I had one of those freak out moments yesterday. I have never been so sick in my life where i have missed over a week of school. I went to work Monday but as soon as the faculty meeting was done i booked it home. My nose is super stuffy and i know ive caught a cold on top of my tonsillitis. I meet with the surgeon on Thursday to schedule it being done. And im home today, i just couldnt breathe and got no sleep. Im worrying about my Job but trying not to.
I started Chelsea does last night. So far So good!
Changes are happening in my department at work (a person was let go yesterday). Today will be spent doing damage control across the organization. I'm already ready to come home and put on my pajamas and it is only 7 am.
Positive news: I like my outfit today. My new skirt is long and it feels like I'm wearing pajamas. Comfy, chic, dress clothes for the win.
I took the day off due to my doctor appointment out of state. I'm preparing myself to get yelled at due to my lack of weight loss I seriously tried and the scale won't be very forgiving since AF paid me a visit. I also have a UTI and have been sleeping so much and still feel exhausted.
It's only the 4th week of the new year and I already feel like I need a mental week staycation.
Snow on the ground + rain coming this afternoon + sleeping like complete shit last night = me being completely friggin useless today. I've been at work 3 hours and basically just been window shopping online.
Post by glitzyglow on Jan 26, 2016 10:53:29 GMT -5
I had a cocktail at an event last night and it messed with my sleep. I woke up 3x from vivid dreams.

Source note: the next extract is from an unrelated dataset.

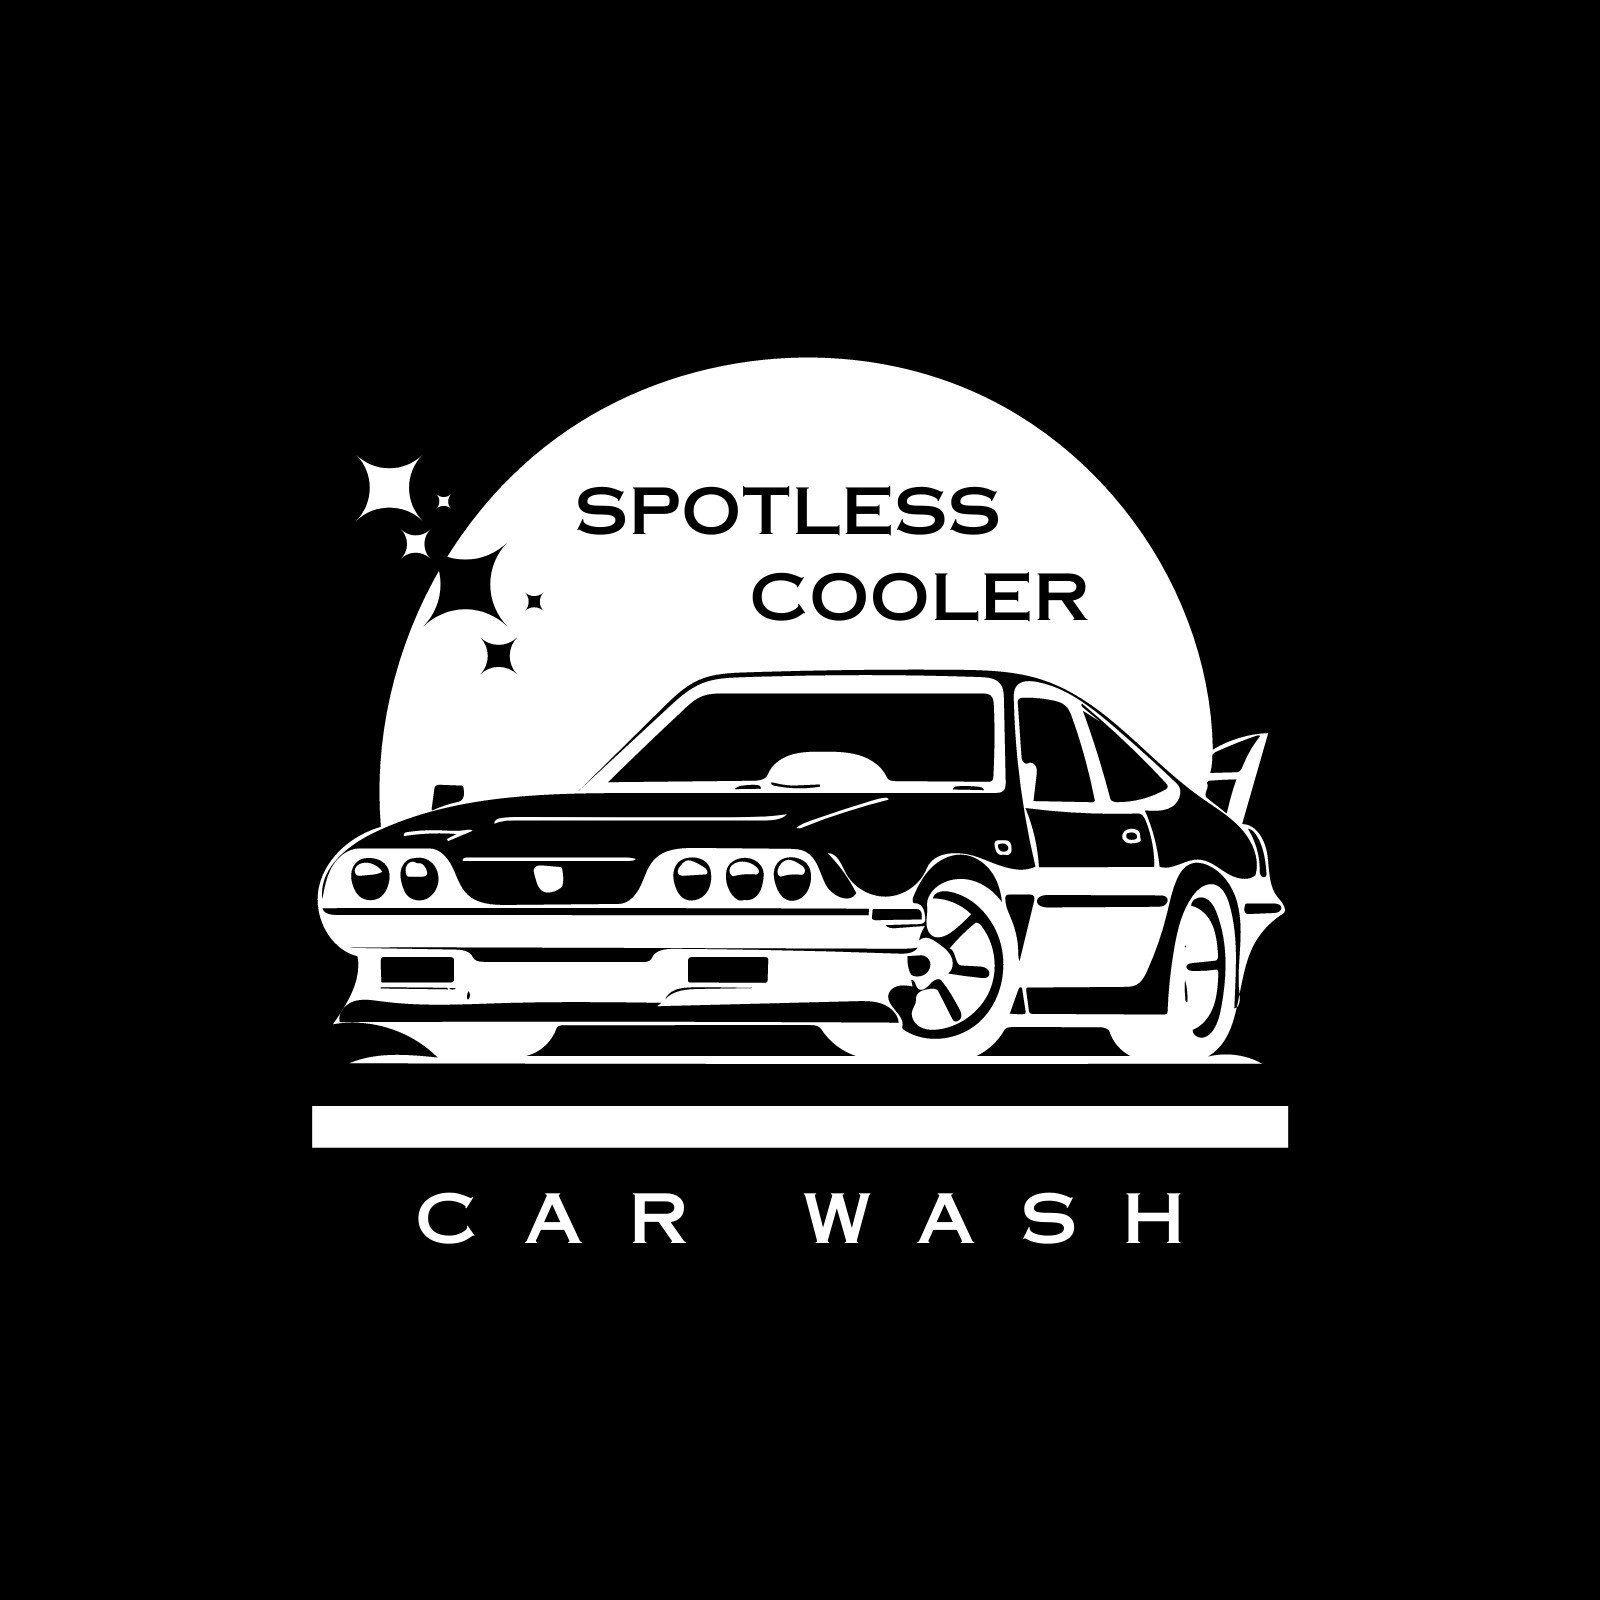 Black and White Flat Illustrated Car Wash Service Logo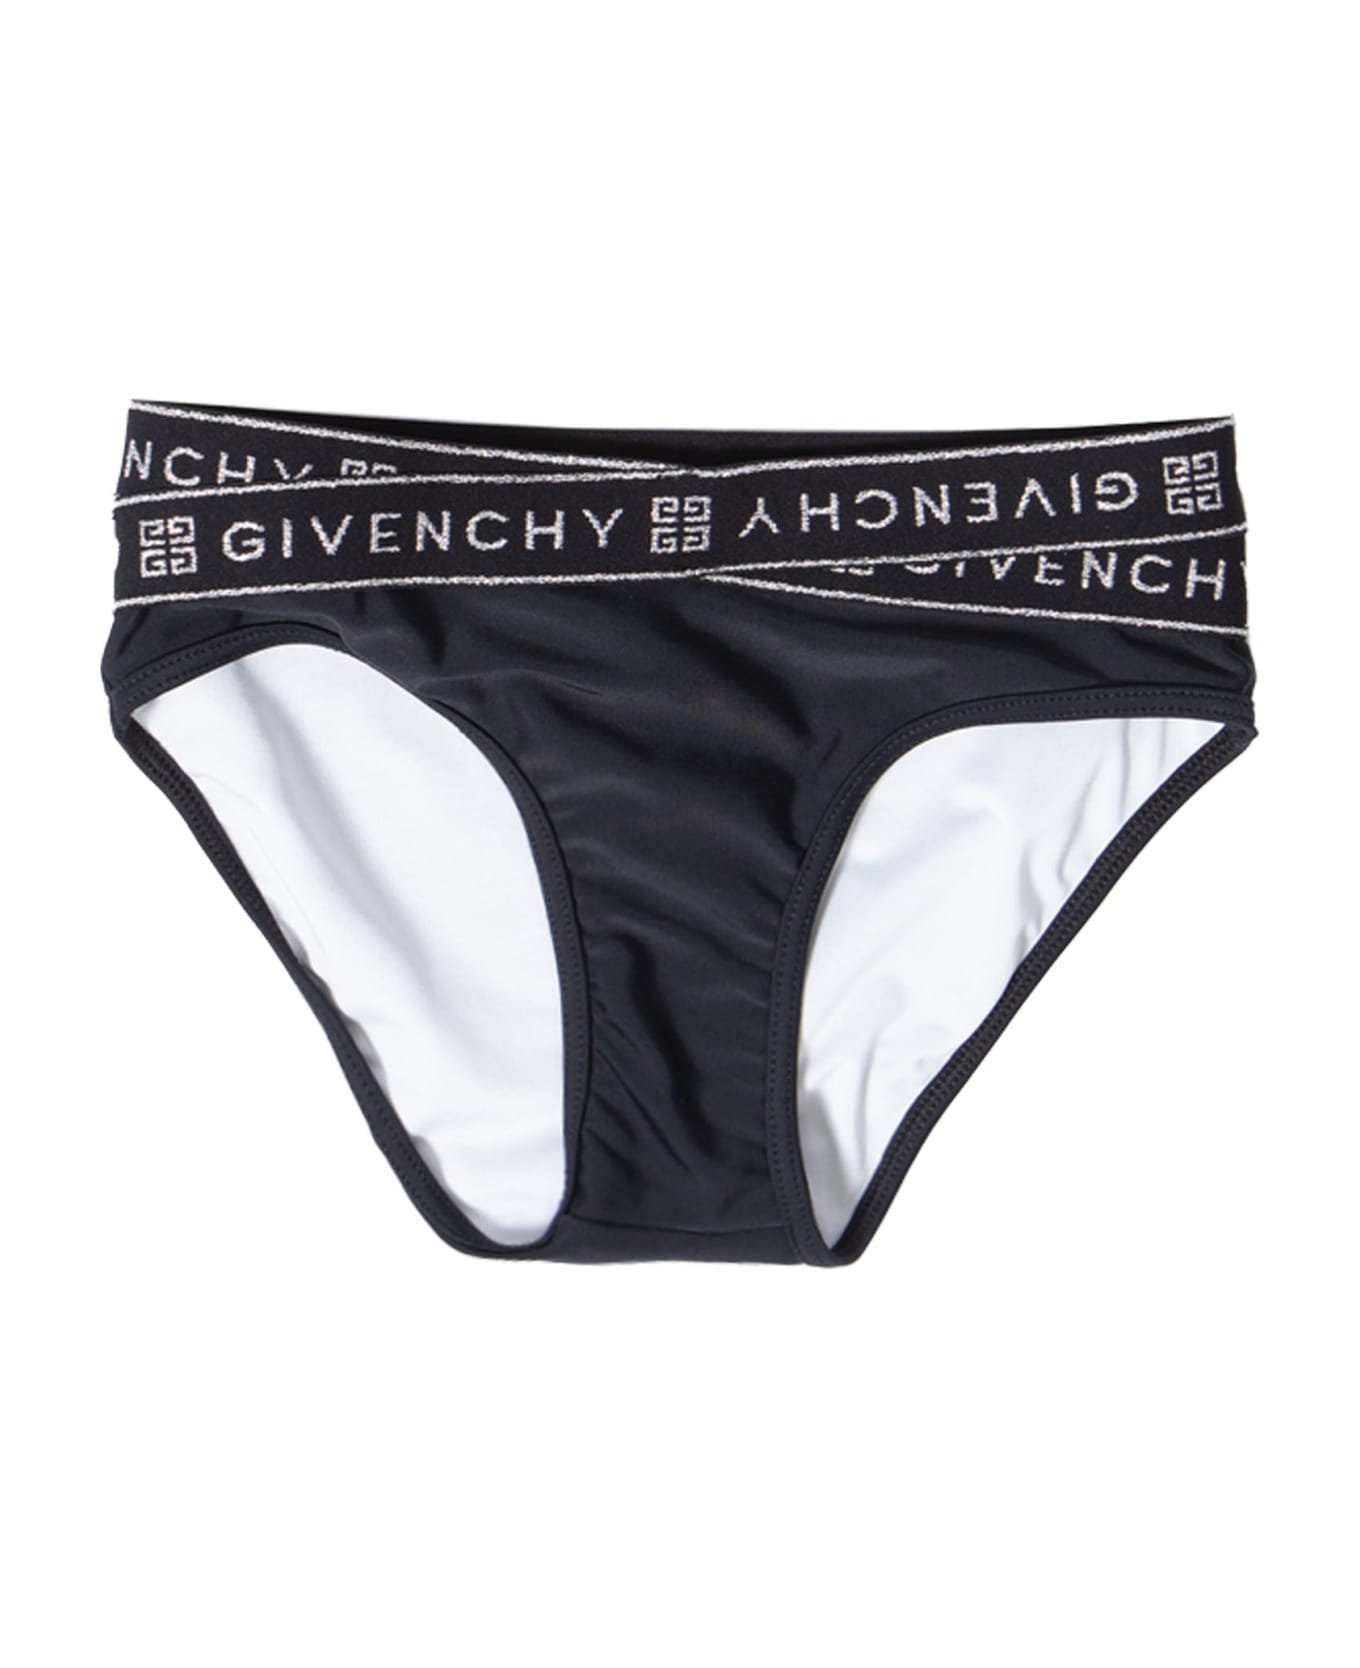 Givenchy Swimwear - Back

My throat is bothering me. My body hates this extreme weather change. It was freezing this past weekend, but will be in the 60s this weekend. My sinuses are screaming!
Back to work today. Lots to do but little motivation to do it.
I need to start going back to the gym and eating healthier. I'm due for my annual physical next month, and I don't want to call to make the appointment until I lose some weight...Because my doctor told me LAST YEAR to lose some weight, but instead I've gained like 15 lbs. Ugghhhhhh. Why can I not get motivated?! My laziness and extreme love of all things fried are really becoming an issue. I don't have the metabolism of a 20 year old anymore. I'm really frustrated with myself right now.
I made the BEST breakfast today. Japanese vegetable pancakes. They are sooo healthy. Cabbaage, Kale, carrot and green onnion mixed wit a little flour and eggs then you fry them quickly. I'm really focused on getting my veggies in each day and this is a delicious way to do it and starting early!
@pdx18 those sound good! I made the opposite of your pancakes last night -- eggs, banana, chocolate chips, and peanut butter mixed together and heat. So good, but definitely not a way to get veggies.
One bench at gymnastics (there used to be 2). Four parents waiting for our kids for an hour and a half and this guy sits directly in the middle of the bench. I did briefly sit on the edge on the left though, but I felt awkward so I got up.
A boy called me on the phone and I liked it. I really liked it. I NEVER like talking to anyone one the phone except my mom and best friend. Even if I'm into a guy I don't want to talk on the phone. I figure this is a good sign that we are a good match in that I'm comfortable with and enjoy the phone call. Yes I realize this is lame, but I'm sorta giddy about it.
Post by jojoandleo on Jan 27, 2016 12:12:29 GMT -5
sweetchix-THIS IS SUBTLE MISOGYNY! Men can sit and spread out all he wants, while women should fold themselves as small as possible and accept the space that is left. See also: Airplane seats. What a dick. I'd probably sit as close to him as possible and spread out. Whenever men on planes try encroaching my space, I always lean towards them, as close as I can without touching. MY SPACE! MINE!